Алеша почувствовал, что брат сам первый шагнул к нему шаг и что сделал он это
для чего-то, непременно с каким-то намерением.
X
Обе вместе
Вышел же Алеша из дома отца в состоянии духа разбитом и подавленном
еще больше, чем давеча, когда входил к отцу. Ум его был тоже как бы раздроблен
и разбросан, тогда как сам он вместе с тем чувствовал, что боится соединить
разбросанное и снять общую идею со всех мучительных противоречий, пережитых им
в этот день. Что-то граничило почти с отчаянием, чего никогда не бывало в
сердце Алеши. Надо всем стоял, как гора, главный, роковой и неразрешимый
вопрос: чем кончится у отца с братом Дмитрием пред этою страшною женщиной?

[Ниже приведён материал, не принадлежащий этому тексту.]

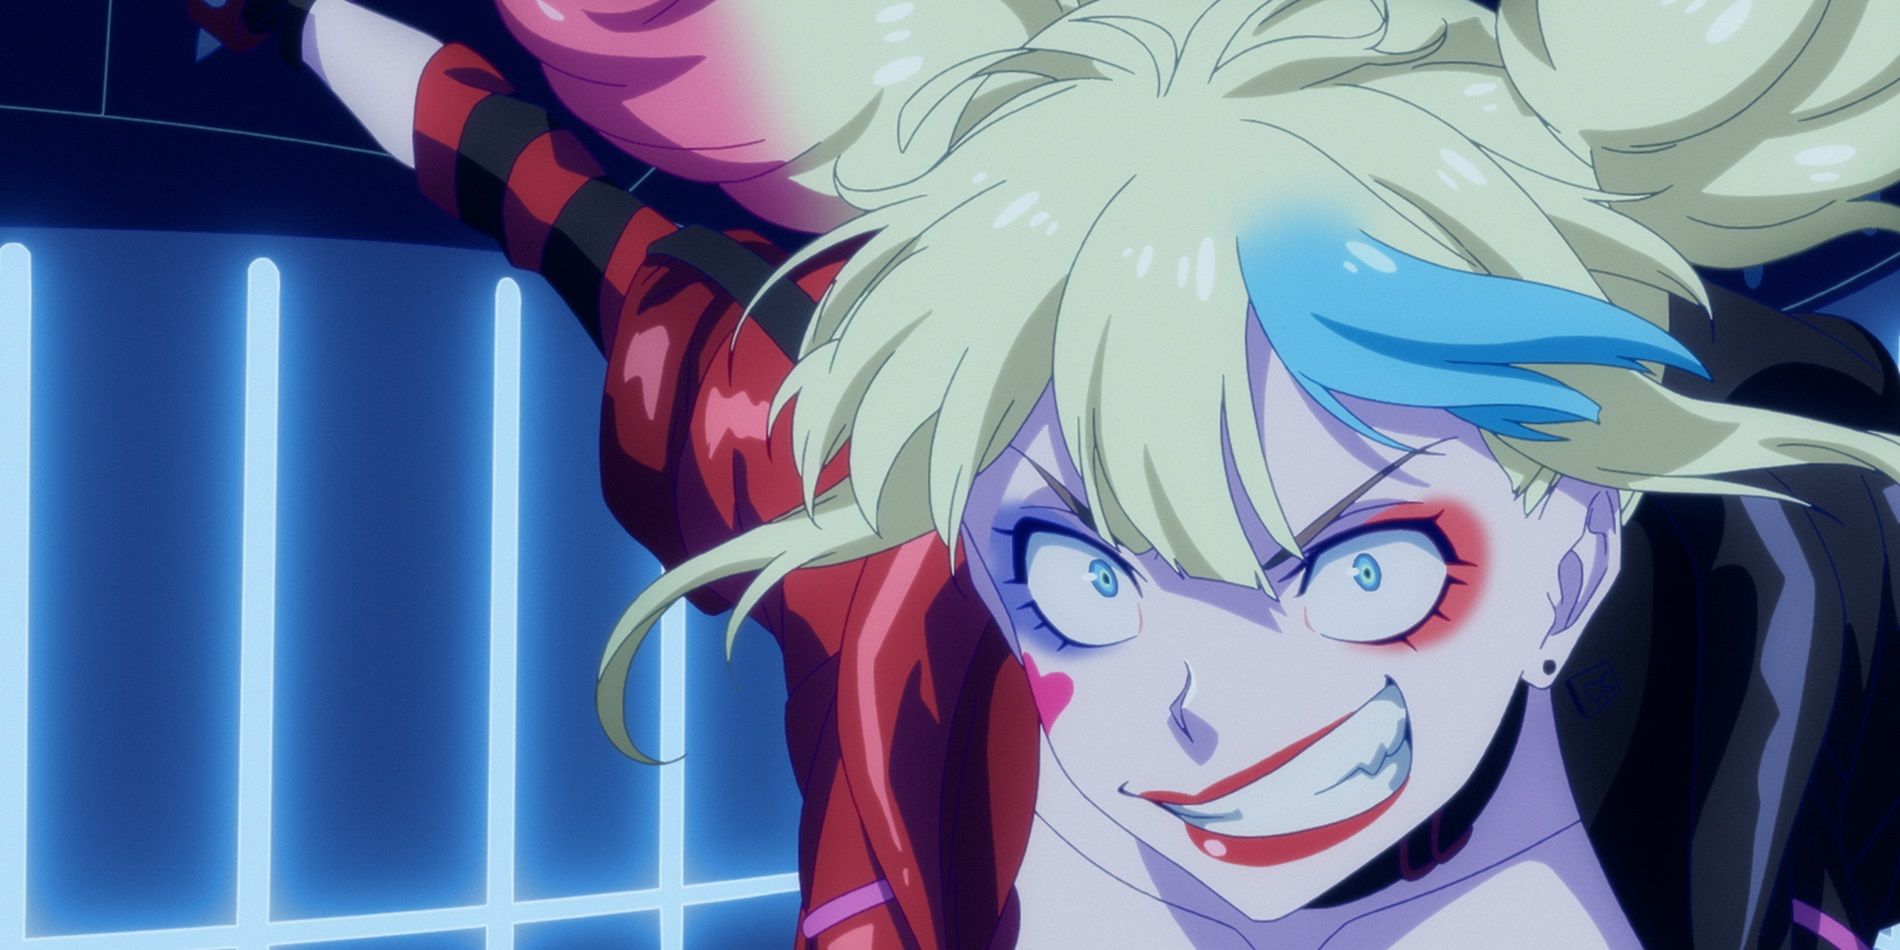 Suicide Squad Isekai featuring Harley Quinn grinning and about to attack

Теперь уж он сам был свидетелем. Он сам тут присутствовал и видел их друг пред
другом. Впрочем, несчастным, вполне и страшно несчастным, мог оказаться лишь
брат Дмитрий: его сторожила несомненная беда. Оказались тоже и другие люди, до
которых все это касалось и, может быть, гораздо более, чем могло казаться Алеше
прежде. Выходило что-то даже загадочное. Брат Иван сделал к нему шаг, чего так
давно желал Алеша, и вот сам он отчего-то чувствует теперь, что его испугал
этот шаг сближения. А те женщины? Странное дело: давеча он направлялся к
Катерине Ивановне в чрезвычайном смущении, теперь же не чувствовал никакого;
напротив, спешил к ней сам, словно ожидая найти у ней указания. А однако,
передать ей поручение было видимо теперь тяжелее, чем давеча: дело о трех
тысячах было решено окончательно, и брат Дмитрий, почувствовав теперь себя
бесчестным и уже безо всякой надежды, конечно, не остановится более и ни пред
каким падением. К тому же еще велел передать Катерине Ивановне и только что
происшедшую у отца сцену.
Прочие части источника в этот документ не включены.